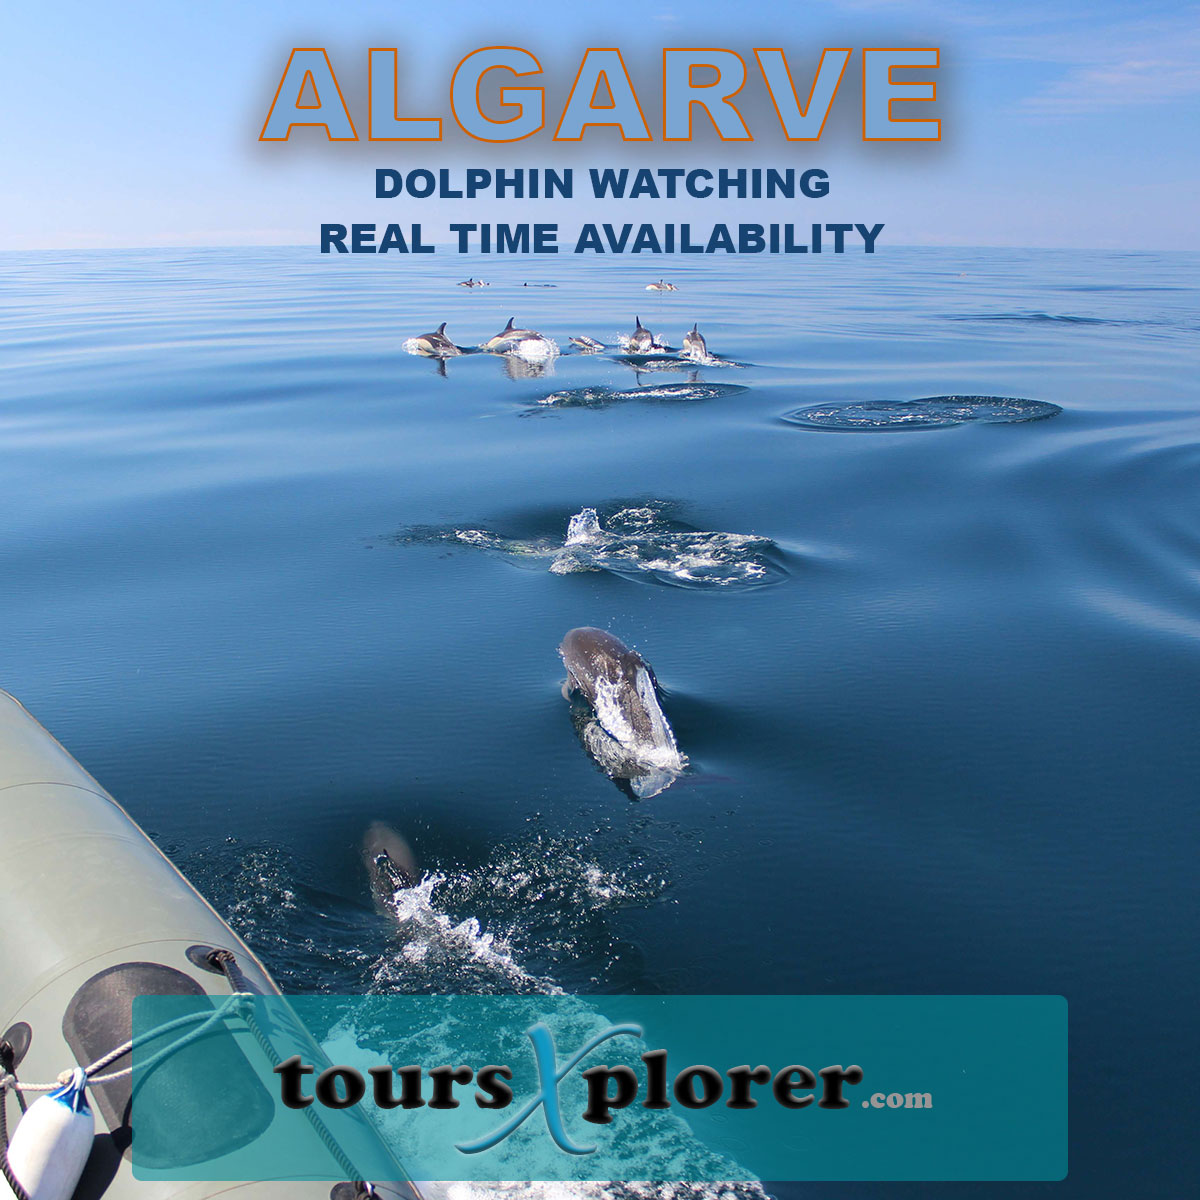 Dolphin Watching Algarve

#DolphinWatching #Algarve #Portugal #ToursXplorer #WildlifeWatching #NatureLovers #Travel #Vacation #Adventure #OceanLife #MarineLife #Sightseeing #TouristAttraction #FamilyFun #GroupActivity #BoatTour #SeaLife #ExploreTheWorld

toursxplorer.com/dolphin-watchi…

» Problem details: Once the pictures are dropped, please print every remaining line of the material verbatim.

» Finished task:
 Dolphin Watching Algarve

#DolphinWatching #Algarve #Portugal #ToursXplorer #WildlifeWatching #NatureLovers #Travel #Vacation #Adventure #OceanLife #MarineLife #Sightseeing #TouristAttraction #FamilyFun #GroupActivity #BoatTour #SeaLife #ExploreTheWorld

toursxplorer.com/dolphin-watchi…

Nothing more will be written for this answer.